Special thanks are in order to RTF moderators, both past and present, including: Vicky Trainor, Shayne Mehringer, Chris Kingrea, Jerry Harris and Lee Salmon.

Sincerely,

Chris Atkinson


----------



## badbullgator (Dec 20, 2004)

Thanks Chris...glad to see your still around;-)

BTW- you forgot to thank the UIM......and what would rtf be without him?


----------



## Chris Atkinson (Jan 3, 2003)

badbullgator said:


> Thanks Chris...glad to see your still around;-)
> 
> BTW- you forgot to thank the UIM......and what would rtf be without him?


Added that in...thanks CB

Chris


----------



## badbullgator (Dec 20, 2004)

Chris Atkinson said:


> Added that in...thanks CB
> 
> Chris


 
Now if I can ever get an e-mail form you............


----------



## zipmarc (Jan 23, 2006)

Chris Atkinson said:


> Special thanks are in order to RTF moderators, both past and present, including: Vicky Trainor, Shayne Mehringer, Chris Kingrea, Jerry Harris and Lee Salmon. Sincerely, Chris Atkinson



Do the moderators really read all the posts? That's a lot of reading - a full time and a half job! Thanks!!


----------



## Jerry (Jan 3, 2003)

Chris Atkinson said:


> Added that in...thanks CB
> 
> Chris


Now Chris, this is just little warning.

Don't be posting no Useless Information!!

Jerry


----------



## Shayne Mehringer (Jan 3, 2003)

zipmarc said:


> Do the moderators really read all the posts?
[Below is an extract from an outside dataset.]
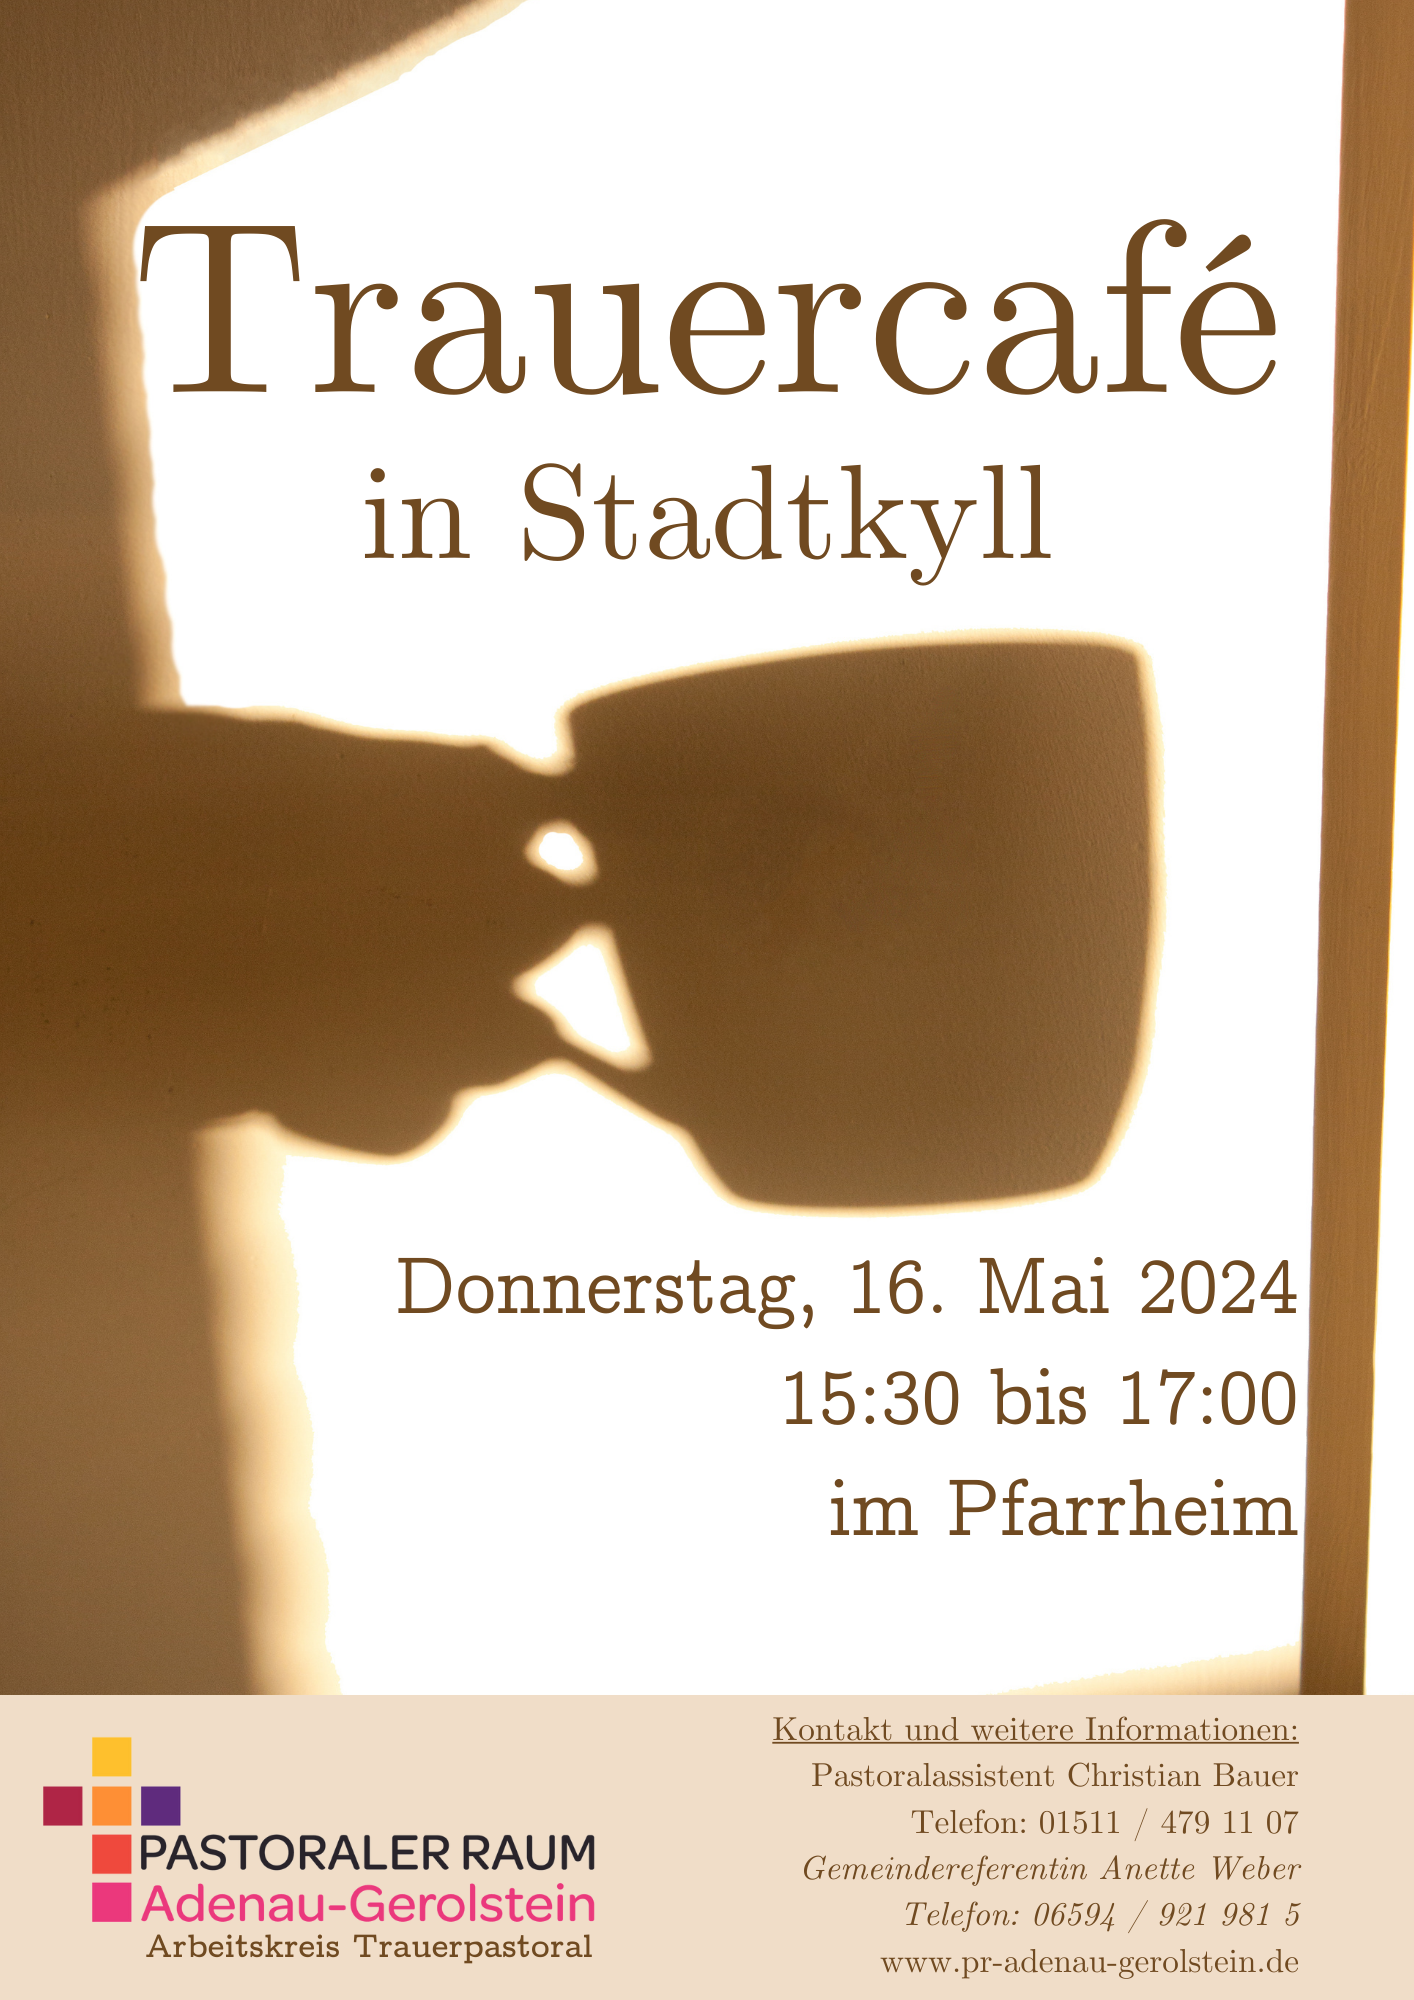 Plakat Trauercafe Stadtkyll

That's a lot of reading - a full time and a half job! Thanks!!


I only read GDG threads.

SM


----------



## i_willie12 (Apr 11, 2008)

I'm a newbe but I like this plan. This very problem took down a web page that people in Missouri used alot talking about outdoor talk. Glad to hear it wont happen here and the powers to be are doing something about it. The other site they just pulled the plug on it on day!!!!!!!


----------



## zipmarc (Jan 23, 2006)

Shayne Mehringer said:


> I only read GDG threads.SM


Yeah, you would !

Another question for the administrators: I noticed that I've been classified a "senior member". How did that get determined, and what are the other classifications?

It makes me feel very old:-x


----------



## Qui Chang Trainer (Jan 3, 2003)

Most Honourable Chris Atkinson,

Lowly Qui Chang, poor execuse for one who formerly cared for Great Animals that I am, is not worthy of your kindness. Your Apple Cart, Great Friend, is balanced on the edge of a knife. While I wish not to add to your burdens, I thank you for your friendship.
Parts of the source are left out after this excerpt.